Robbie Neilson faces tough decisions as he figures out Hearts best bets in battle to juggle European and domestic demands
Looking for ongoing improvement, in the immediate aftermath of last season Hearts manager Robbie Neilson was already pondering what he thought the realistic next step would be.
“The next step is ‘can we play in Europe on a Thursday night and can we then win on Sunday? Can we rotate our squad?’”
He followed that up in pre-season by reiterating the need to shuffle the pack, as they face up to the demands of domestic league and cup action as well as their European challenge, insisting there would not and, given the schedule, could not be a set starting XI.
“We’ve got so many games that we will be moving players in and out. We’re going to have to do that during the season as we play Thursday, Sunday, Thursday, Sunday.”
Horses for courses but, despite running out 4-1 winners at home at the weekend, there are few instances where they can be sure they will win at a canter.
In such circumstances, there are certain players who are always likely to get the nod.
Only captain and goalkeeper Craig Gordon played more games than Stephen Kingsley last season which is why the manager was happy to nurture him back from injury in recent weeks and relieved to see him come through his substitute appearance at Tynecastle on Sunday.
Reliable defensively, he is mobile and experienced in reading the game, he is also adept at getting forward to relieve pressure and move the play upfield, while his prowess at set-pieces is a major threat.
Last season he was part of a back three three that offered the side a solid foundation and allowed Neilson utilise the likes of Nat Atkinson and Alex Cochrane in more advanced positions on each flank. Craig Halkett is at ease in either formation, but with Kye Rowles looking more comfortable as part of a central defensive pairing, and Michael Smith again Mr Consistent in the right-back berth, Kingsley could be slotted in at left-back.

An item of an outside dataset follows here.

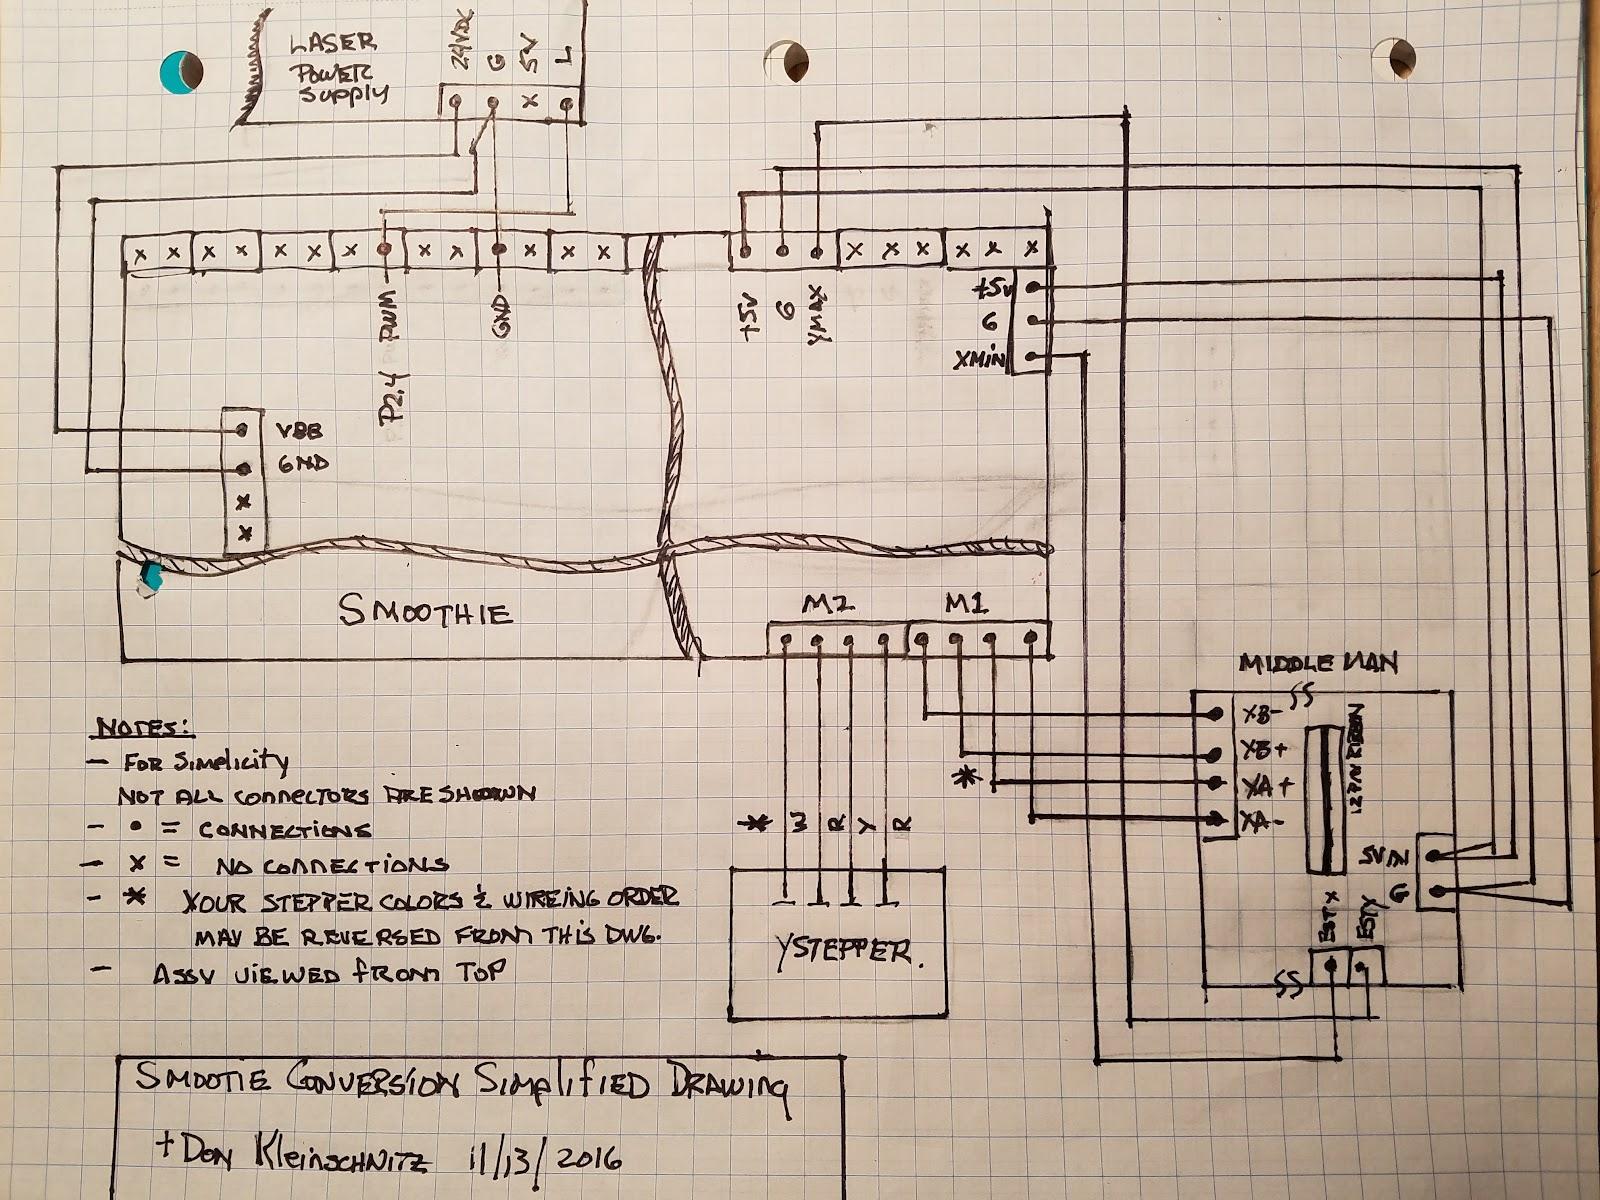 medium resolution of k40 fuse diagram wiring diagramk40 fuse diagram wiring diagram lapk40 fuse diagram wiring diagram database fuse

That leaves his gaffer with a decision to make in front of him. He is always likely to find space for the mercurial Barrie McKay but, as he sizes up the opposition, determined to return to Gorgie with something to play for in the second leg, does he stick with the greater guile of guys like McKay and Alan Forrest or does he take a more cautious approach by selecting Alex Cochrane to play instead of one of them or even opt for Andy Halliday.

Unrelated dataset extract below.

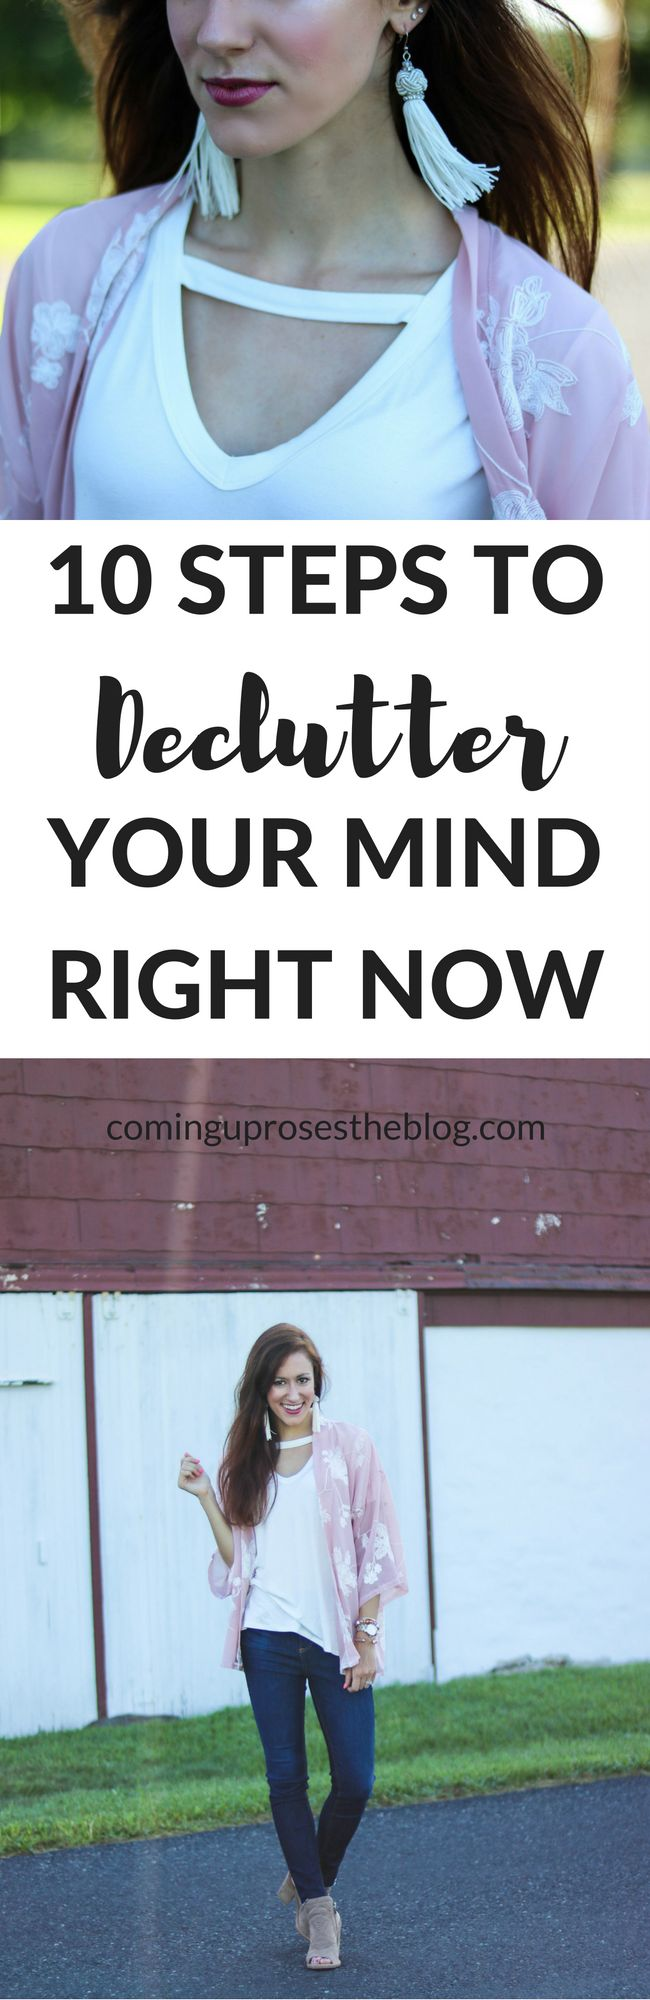 declutter your mind, brain dump, how to declutter your mind, decluttering tips, decluttering, decluttering ideas, declutter your mind thoughts, declutter your mind quotes, declutter your mind book

Having rested Peter Haring at the weekend, playing Cammy Devlin and Jorge Grant, the Austrian is expected to be reinstated, substituting composure for raw energy.
But what has been obvious in recent matches is the burgeoning understanding between McKay and frontmen Liam Boyce and Lawrence Shankland. And, while Hearts will not want to give much away, they will aim to squeeze out some goals, making the intelligence, movement and goal threat in that frontline important.
Neilson may not have a starting XI but he has some men he would rather not start without.